**Work required**.
Please write out the full listing beneath this line exactly, skipping its images.

**Data segment**.
--- --- ---

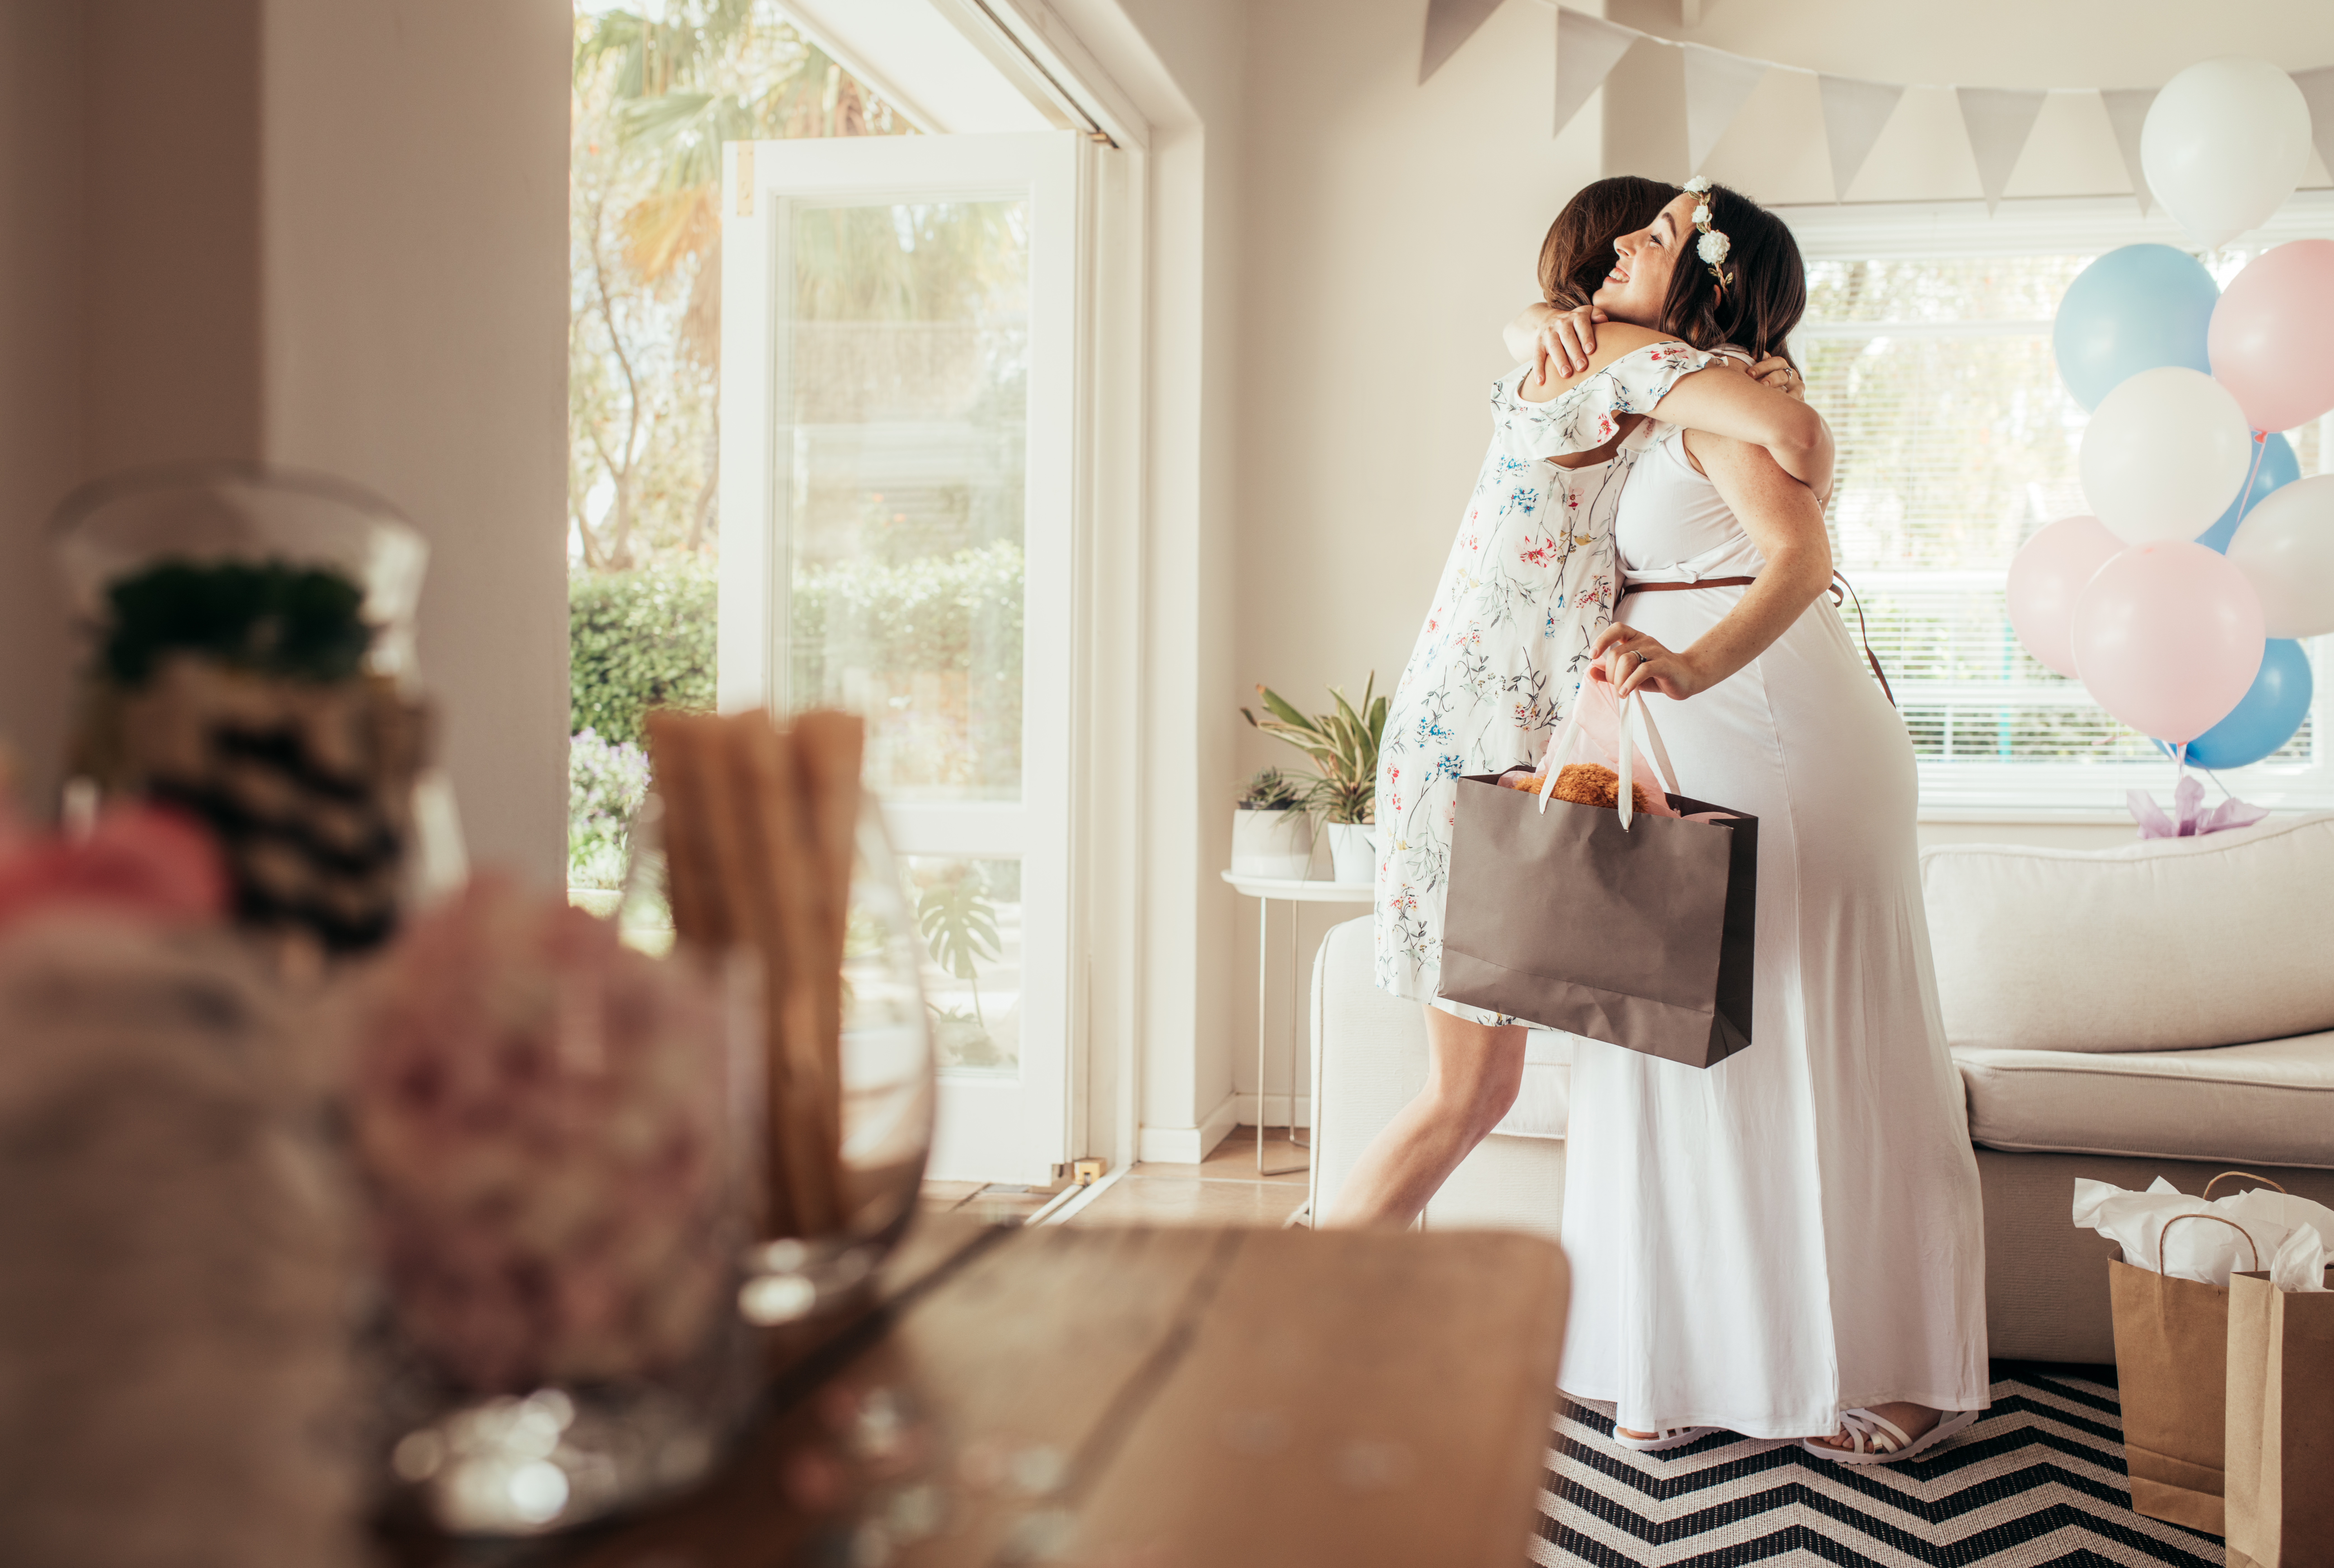 Someone hugging a pregnant woman at a baby shower | Source: Shutterstock
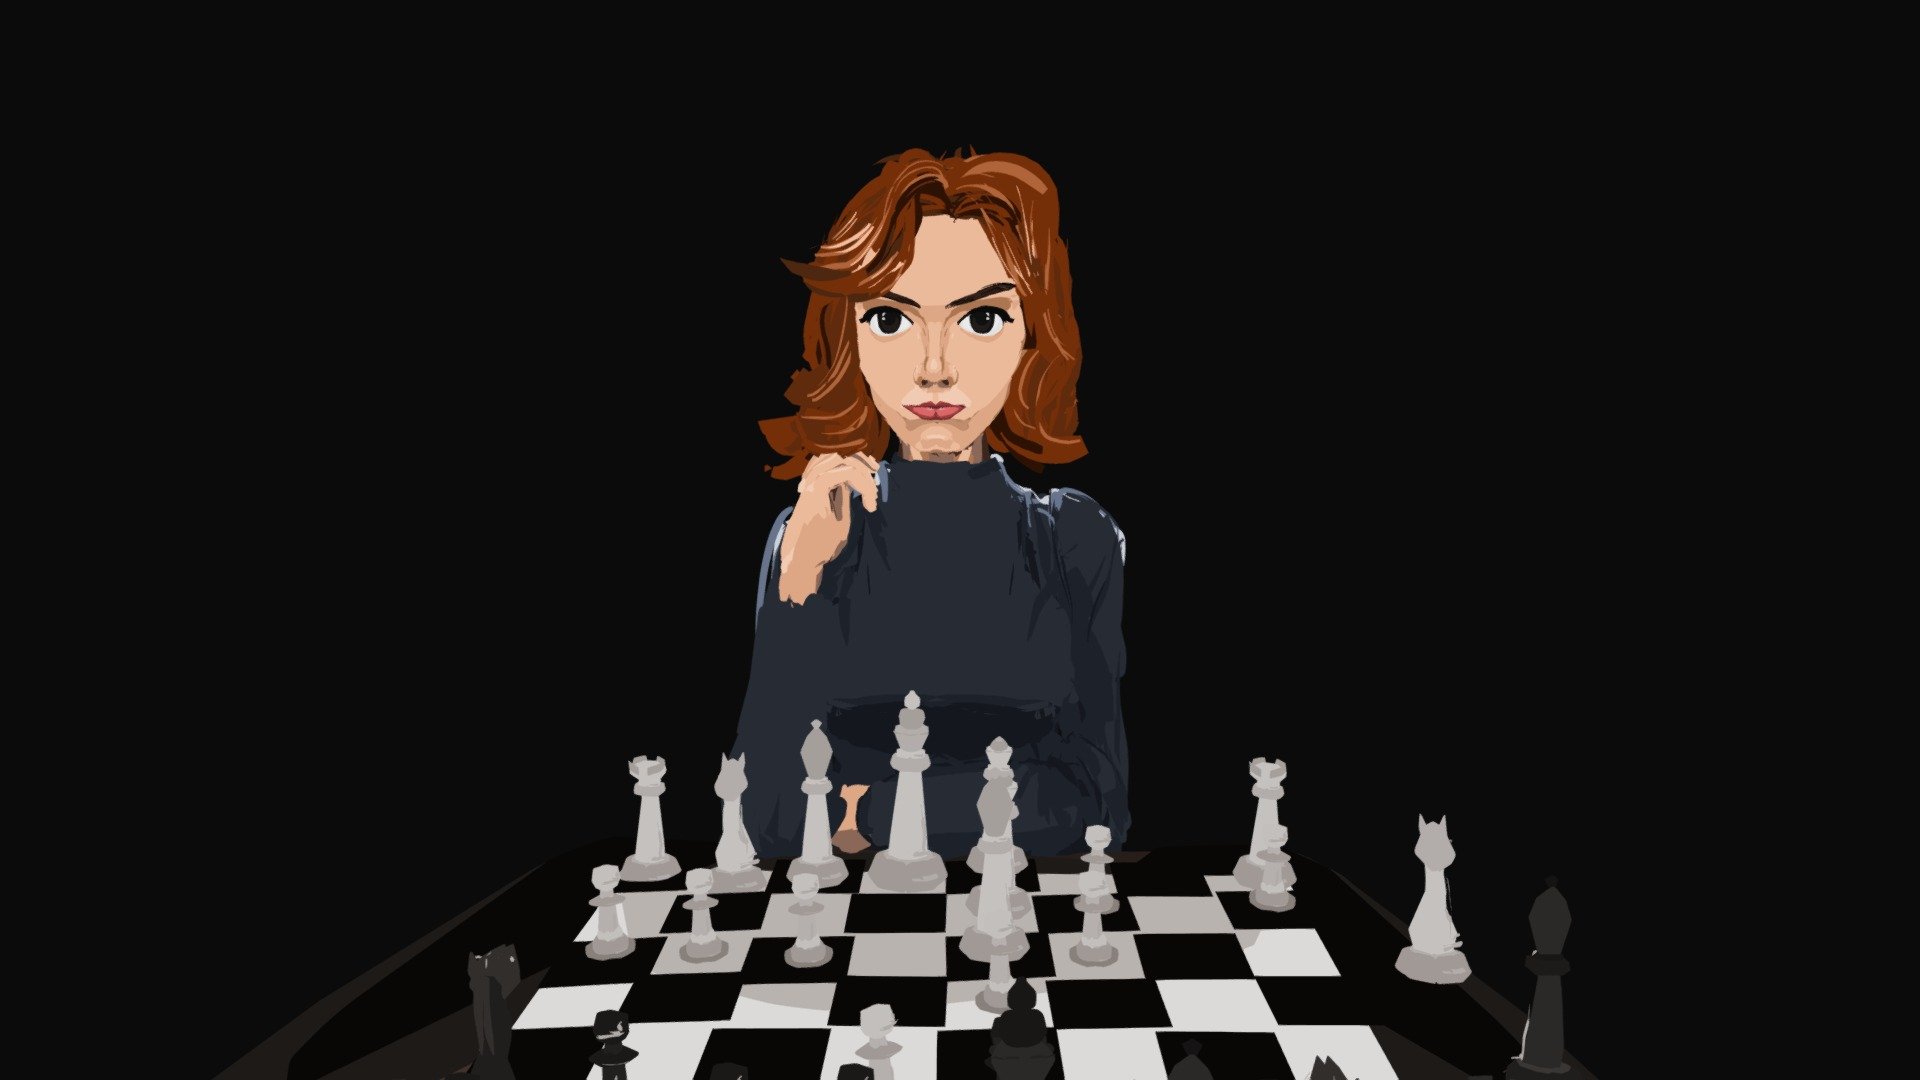 The Queen's Gambit Chess Gameplay (Netflix) Android Ios 
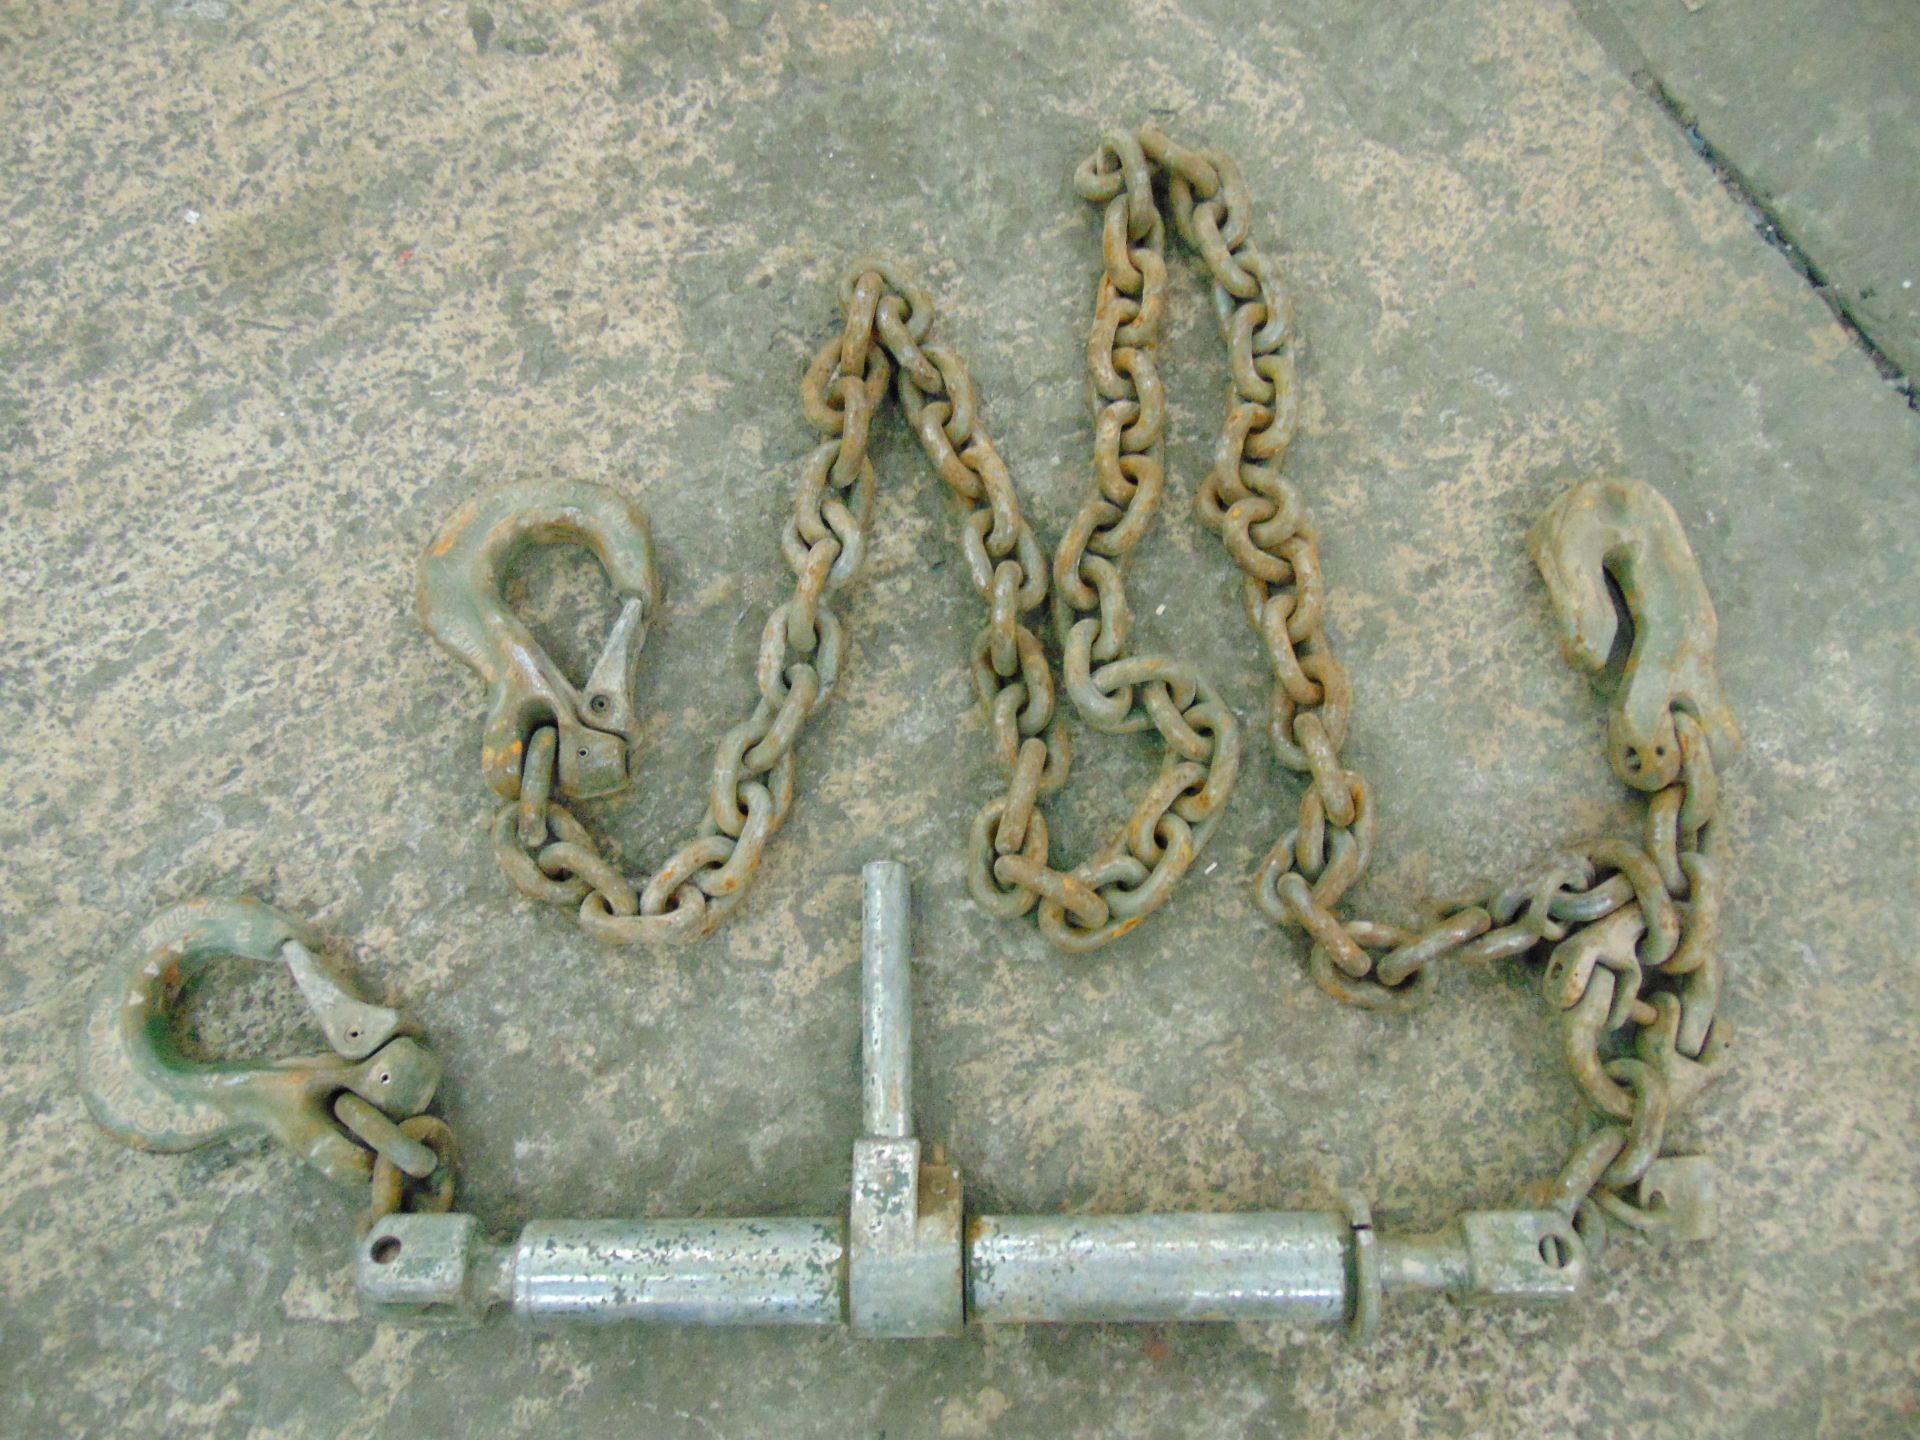 Very Heavy Duty RUD Lashing Chain with Ratchet Tensioner
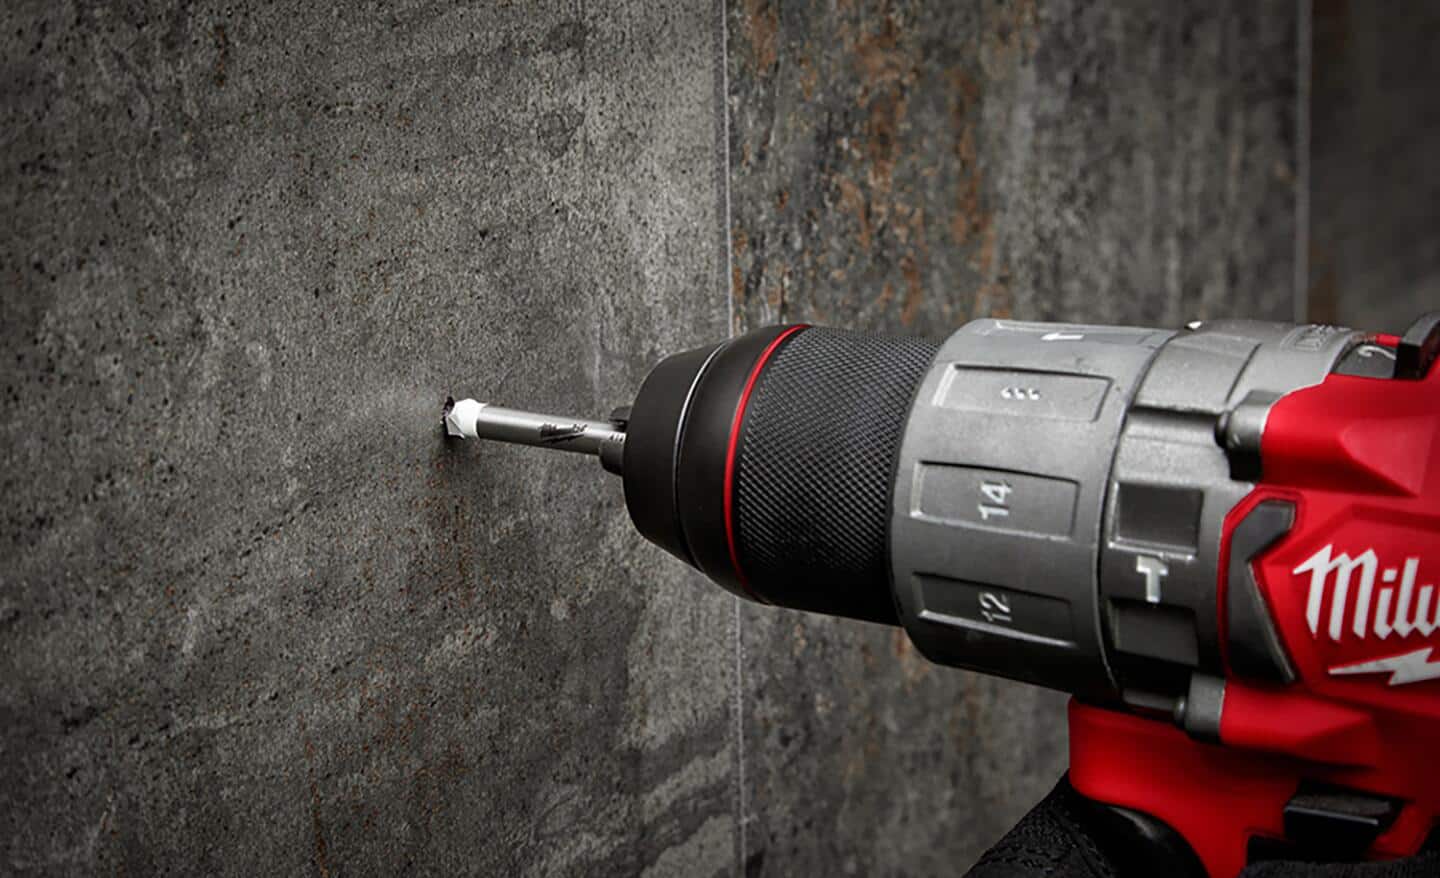 A red drill with a tile drill bit.

--- --- ---

**Answer for this exercise**.
 Someone hugging a pregnant woman at a baby shower | Source: Shutterstock
 The Queen's Gambit Chess Gameplay (Netflix) Android Ios 
 Very Heavy Duty RUD Lashing Chain with Ratchet Tensioner
 A red drill with a tile drill bit.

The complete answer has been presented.